Одна из его знакомых, не санкюлотка и не клериканка, исповедовала психологию приживалки. Пока он ее не раскусил, она ему даже нравилась. Ее второй муж днями валялся на диване и читал программы телевидения. Деньги представлялись ему чем-то вздорным, не требующим усилия больше того, чтобы впустую мечтать – два сапога пара. Вначале, приходя в гости, они с Саскией спрашивали, как его дела, потом и спрашивать было стыдно. Саския любила завалиться к ним в гости, выкурить пару сигарет – одно время он даже осуждал ее, пока на него не снизошла умозрительность: "Плодитесь, размножайтесь". Домой она возвращалась, как из казармы, – прокуренная, но вдохновенная, а главное – спокойная, и он невольно стал пользоваться этим. Обычно ее хватало на пару дней. Своеобразная терапия. Пару дней затишья среди бушующего моря. Меланхолично отрывала наклеенные ногти цвета воспаленной плоти (или воображения), и Иванов потом находил их и в комнатах, и в ванной, и на туалетном столике, и даже в сахарнице. Психологически она закостенела еще в юности, когда увлекалась инохийскими экспериментами. Как он не разглядел ее раньше?
– Бог любит Троицу, – произнесла она, словно желая всколыхнуть в нем прежнее чувство ненависти. "Зачем?" – удивился он.
Как он раньше не замечал, что глаза у нее похожи на совиные – готовые испепелить все вокруг. Когда-то он имел над ними полную власть, – когда она была тоненькой и стройной, без этой набухшей сердцевины зрелой женщины, и одевалась "из-под пятницы – суббота", когда из-под куртки торчала пола мятой рубахи. Но уже тогда в ней были заложены такие дни ненависти и уныния – плохое настроение, часто принимаемое за предощущение. Ступала всегда твердо и прочно в непоколебимой уверенности своей правоты, не ведая компромиссов. Он же сопротивлялся как мог – дело в том, что за этой непоколебимостью ничего не стояло, – блажь, привычка верить снам, приметам, жить настроениями и хиромантией, помнится, он и сам одно время экспериментировал по части истин, медитируя на звезды. Может быть, ошибка вкралась в многочисленность объектов. У него не было времени проверять эту идею.
– Я еще не нарушил конвенцию, – напомнил он, чувствуя, что сегодня больше не в силах работать.
– Завтра... – сказала она, многозначительно притопнув тапочкой.
Спросонья она иногда говорила басом и одно время утверждала, что таракан без головы живет девять дней и умирает от голода. Может быть, она была по-детски непосредственна, а он не понимал ее?

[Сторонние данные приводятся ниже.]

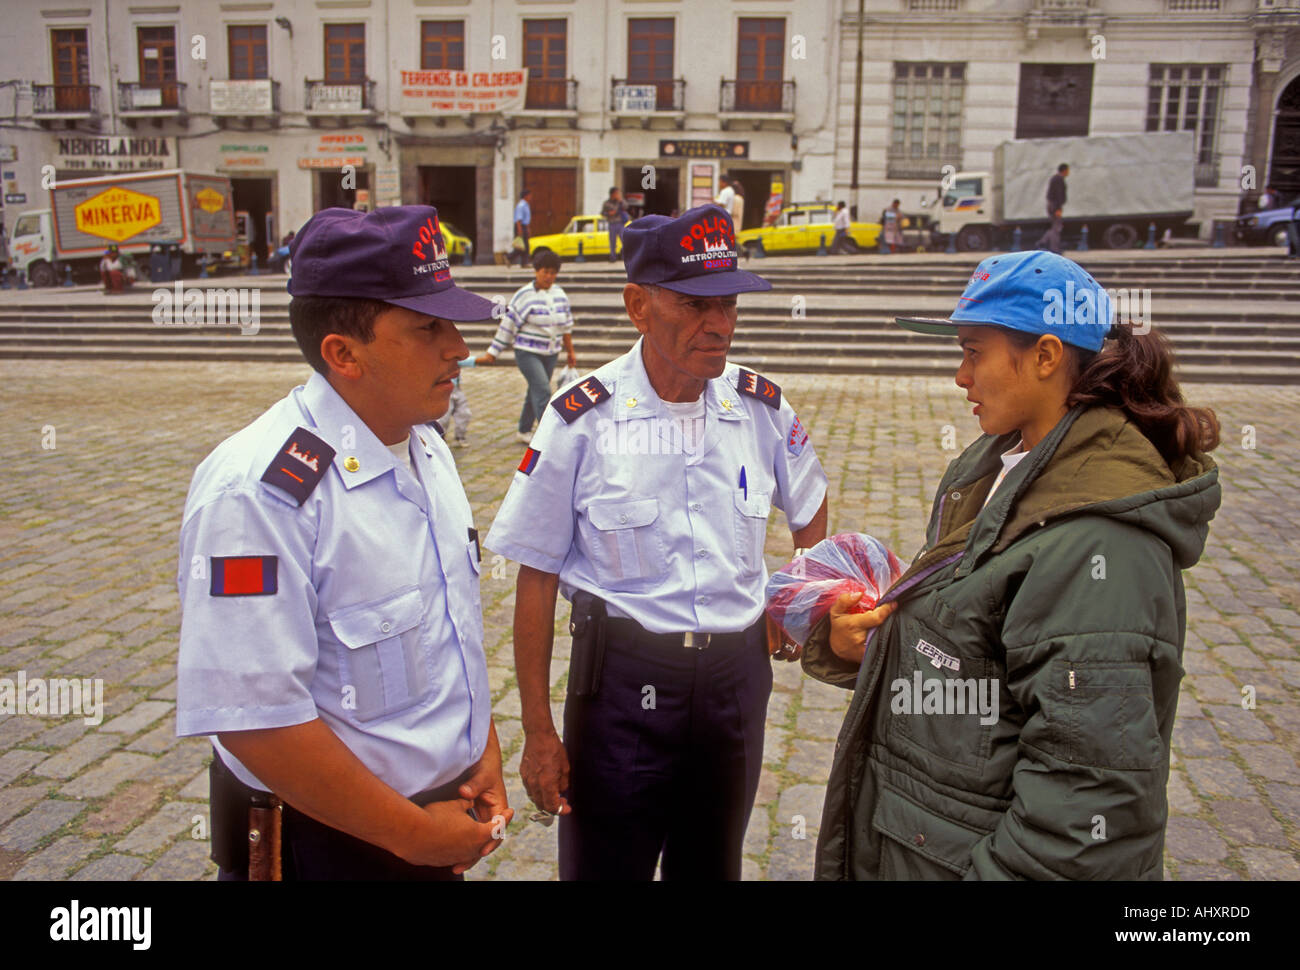 Ecuadorans, 2, two, metropolitan policemen, policemen, police officers, Plaza de San Francisco, Quito, Pichincha Province, Ecuador, South America Stock Photo

– Что завтра? – удивился он.
Когда она поворачивалась и бежала торопливо, как на телефонный звонок, он не мог спокойно смотреть на ее бритые ноги с растопыренными пальцами, без единого волоска и в мелких жестких бугорках, и поэтому она носила длинные, широкие халаты.
– Завтра нарушишь... – назидательно ответила она, и глаза ее с саркастической ухмылкой совершили то, что давно уже не задевало: привычно оценили от черепа до уровня пупка с некой задержкой в последнем пункте, веки подергались, вернулись на место, и на лице снова застыла совиная маска.
Он вдруг понял, что для успешной работы ему ежедневно требуется адреналин в крови.
– Бабка надвое сказала, – проворчал он, отворачиваясь.
Кому нравится, когда тебя беспричинно учат? Одно время, чтобы удержать его, она уступала при первом нажиме. Ничего путного у них все равно не выходило – больше суеты или вялости даже при наличие соперников, валяющихся на диванах.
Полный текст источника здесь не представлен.